I would suggest trying the free download from their website. The current version is 17 (been using it for over a year without any problems Windows 10 & 11). They have just released version 18, but that is still beta, so I haven't tried it yet.

3 years, 3 months ago - Susi Arnott

Thanks, both Darrens! Realising that even the concept of a timeline might be new, so something intuitive will be best. Someone just mentioned 'OpenShot' and it looks nice and clunky - any thoughts?

3 years, 3 months ago - Darren Brade

Never heard of it, but suggest looking at a few reviews on YT. If you're looking for something very basic and not planning on them doing anything but a few transitions, then I think OpenShot is worth giving ago. Again it's free, and should cover the basics.

3 years, 3 months ago - Joe Parker

Can't recommend DaVinci enough. It's incredible, stable and the developers are always adding new features. Free version is plenty for their needs.

Use DaVinci over others because there are plenty of content creators making tutorials.

3 years, 3 months ago - kuljit chuhan

"even the concept of a timeline might be new, so something intuitive will be best" in which case any of the pro or semi-pro software will not be user-friendly unless your group want to deal with a bit of a learning curve. Even shotcut needs some work! I suggest use Canva ? V quick to get to grips with. If later they want to go more advanced they can then go for the fancier stuff.

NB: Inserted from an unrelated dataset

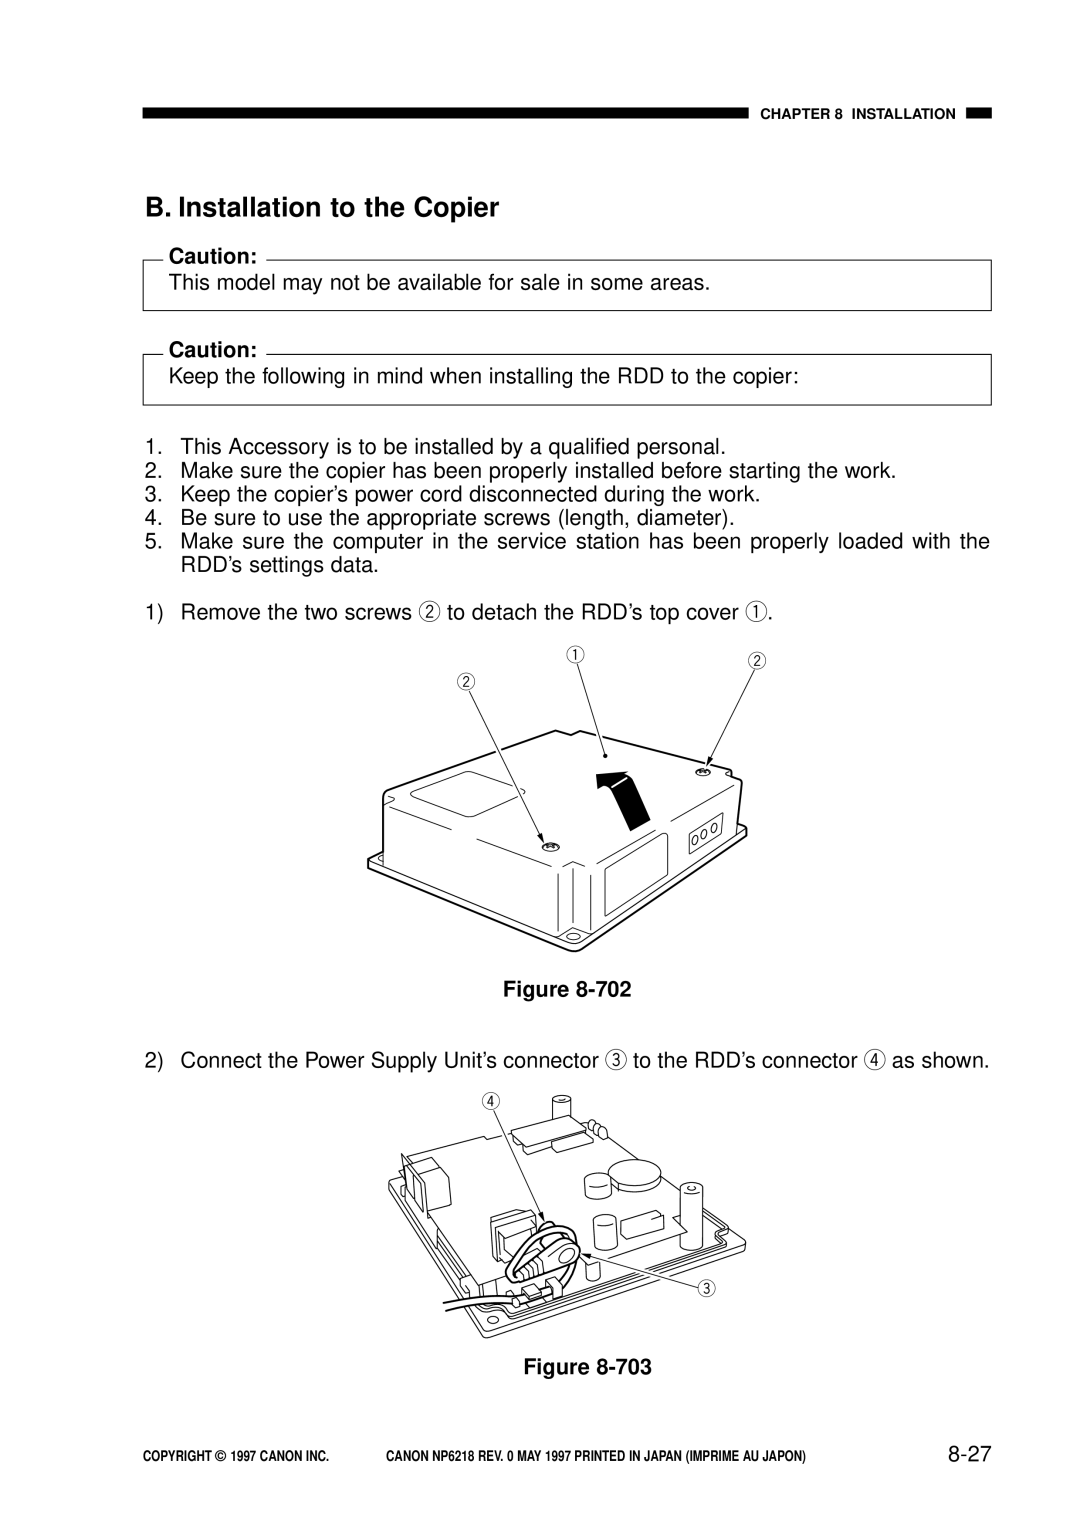 Canon FY8-13EX-000, NP6218 service manual B. Installation to the Copier, 8-27

3 years, 3 months ago - kuljit chuhan

"even the concept of a timeline might be new, so something intuitive will be best" in which case any of the pro or semi-pro software will not be user-friendly unless your group want to deal with a bit of a learning curve. Even shotcut needs some work! I suggest use Canva ? V quick to get to grips with. If later they want to go more advanced they can then go for the fancier stuff.

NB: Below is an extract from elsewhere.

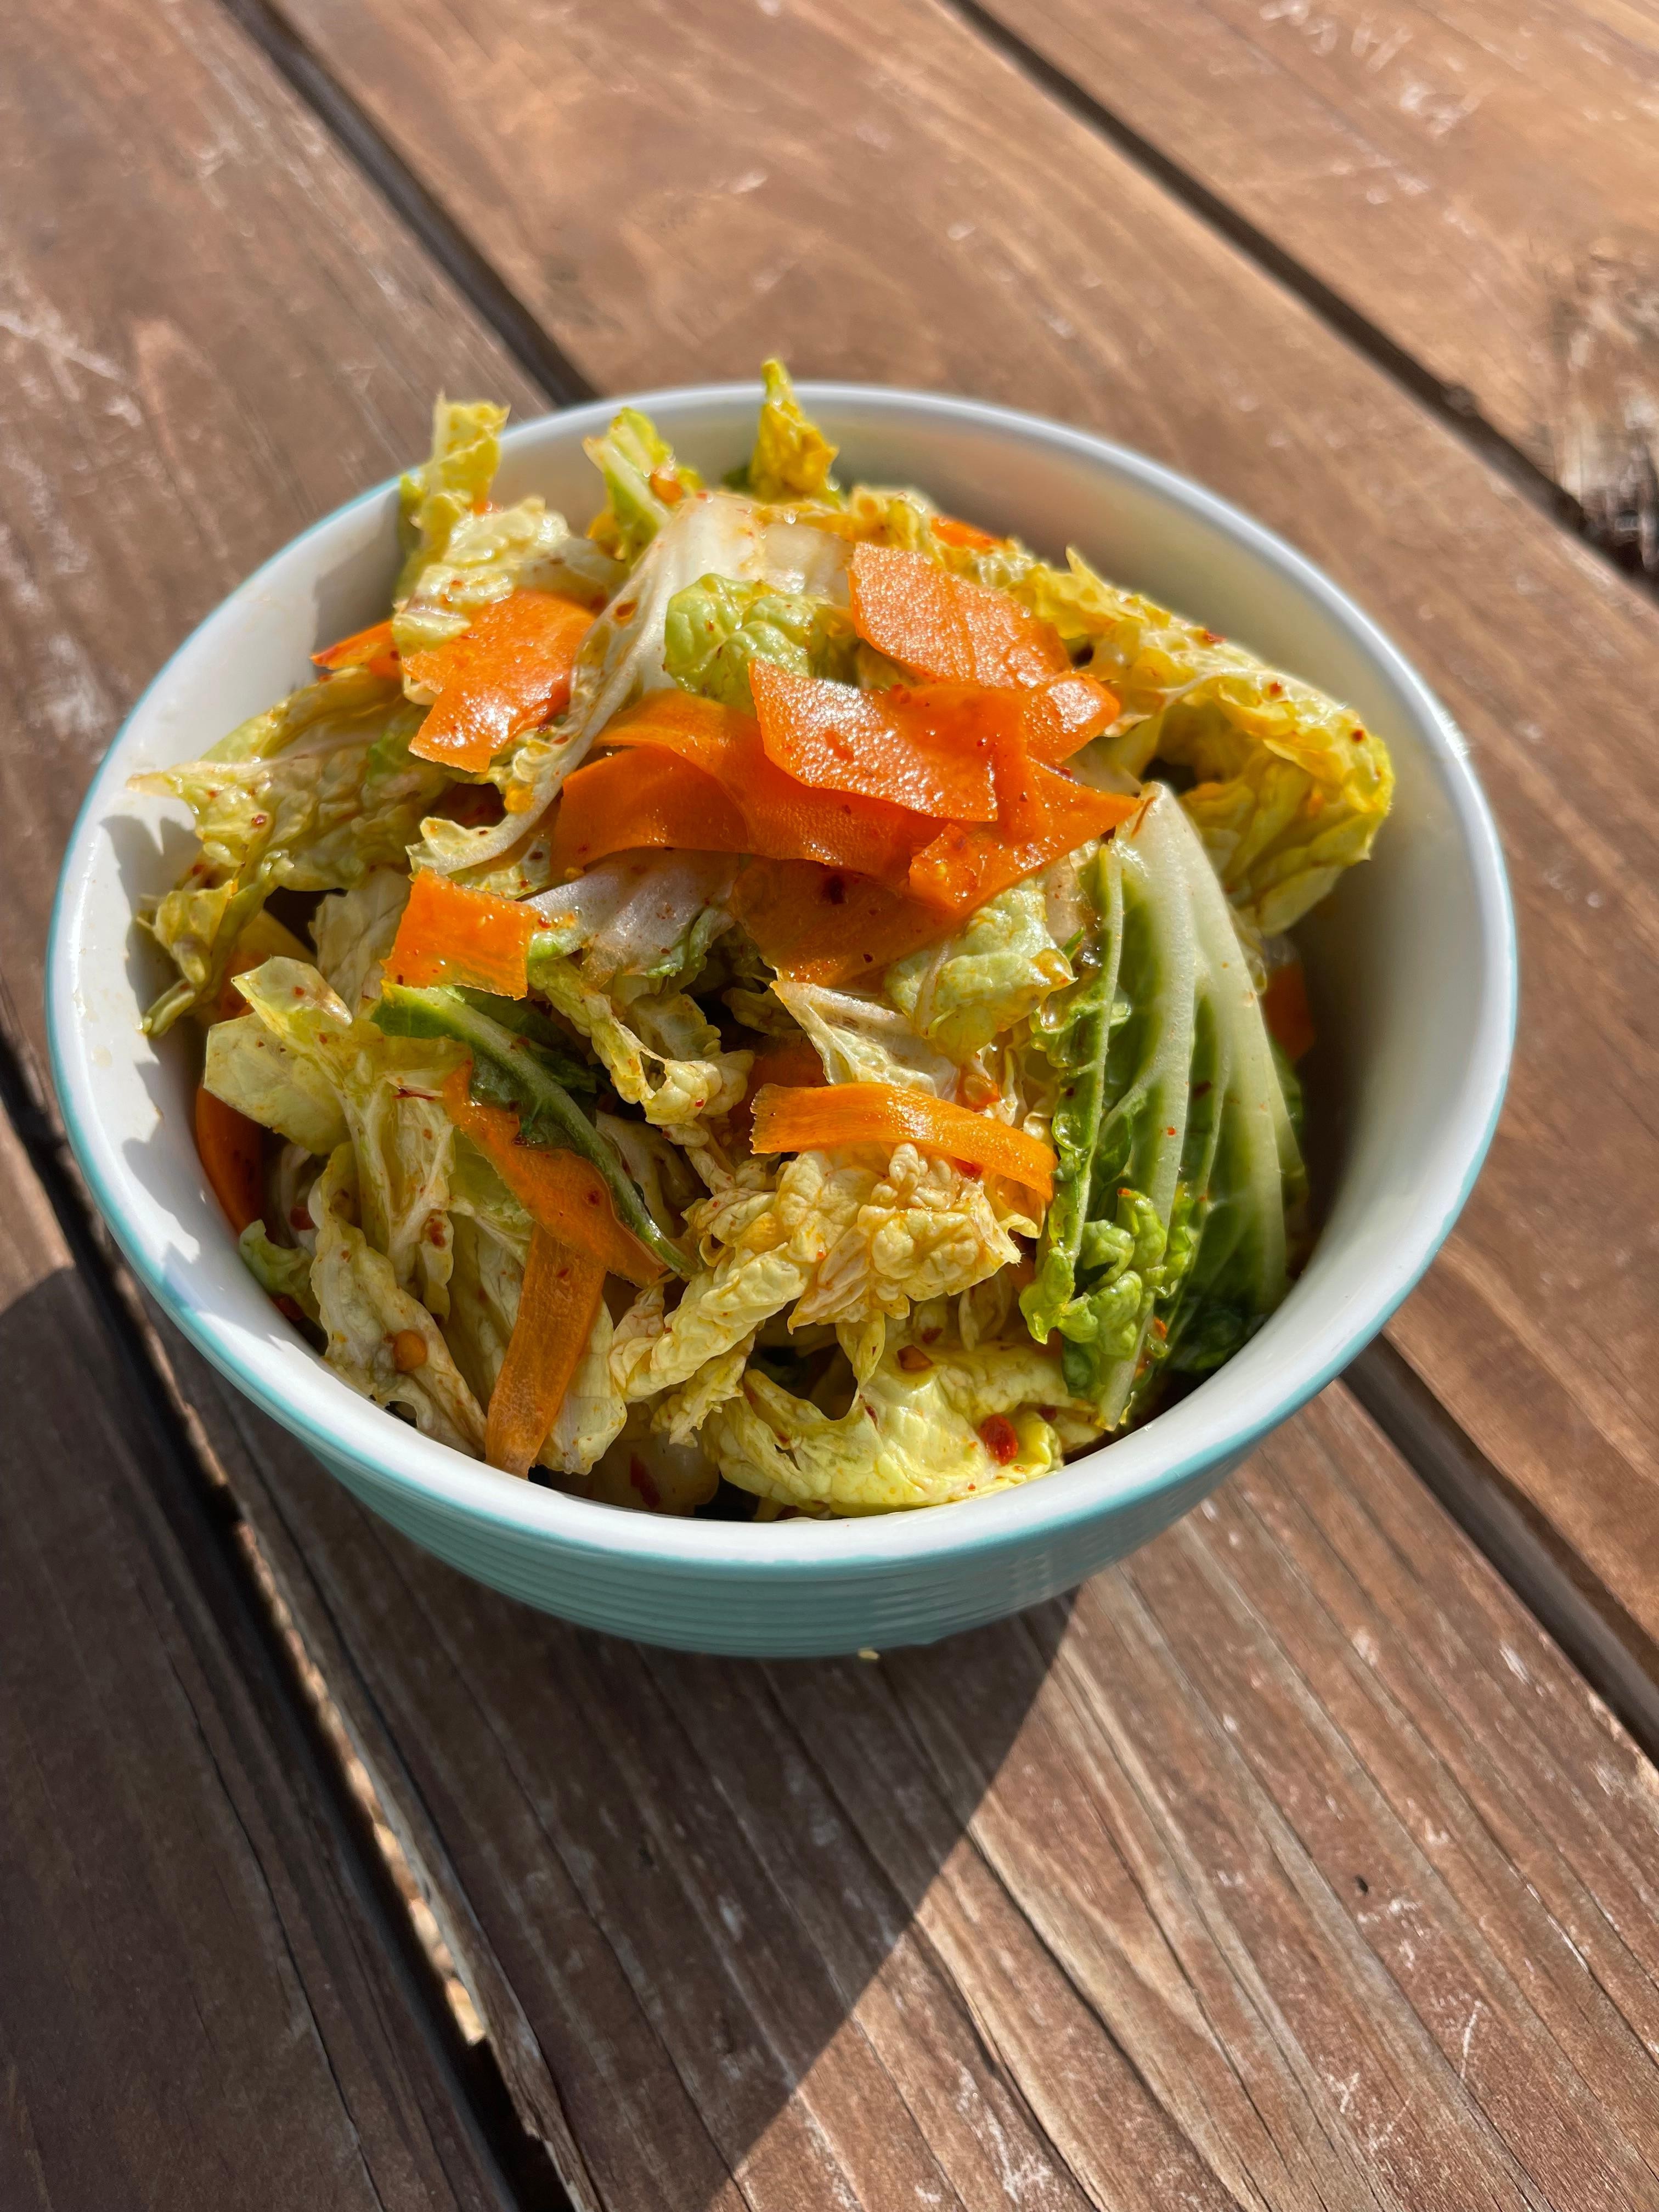 Cabbage & carrot salad

3 years, 3 months ago - Marlom Tander

I've tried it, and when i upgrade my editing machine I am getting it.

But it's a beast - if your machine doesn't meet min spec, don't get your hopes up.

Good article : https://www.pugetsystems.com/recommended/Recommended-Systems-for-DaVinci-Resolve-187/Hardware-Recommendations

3 years, 3 months ago - Paul W Franklin

I'm going to try DV.
I've used Adobe for the last few years, and because I'm not a big business and don't use it much (or need the full package), each year I talk them into giving me a lower price. But every year they bump it back up to £50pm, and this time I tried to cancel, and they said I'd have to pay for the rest of the year. So screw them, I'm cancelling my card and moving to DV.

3 years, 3 months ago - Darren Brade

One of the other nice things about DV is that it's free and if you want the paid-for features, it's a one-off fee (or free with certain Black Magic hardware), and seems to cover all future upgrades

3 years, 3 months ago - Howard Silver

DaVinci has an intimidating learning curve. If you stick to the Cuts page it would be more manageable for people new to editing. I use FCP for editing and Resolve for color work. I think a phone app like LumaFusion might be more intuitive. I'm guessing many of the scientists will be shooting with phones. Or iMovie. Can do a lot on either of those.

3 years, 3 months ago - Paul Randles

Hi Susi, as somebody has mentioned already, I would stick to the Cut Tab on DaVin for very straightforward editing, a great work flow and easy to export platform. Search for 'Video editing in DaVinci Resolve: Beginner to Advanced' by Louay Zambarakji - one of the best teacher's for editing - his chapter on the cut page is very helpful.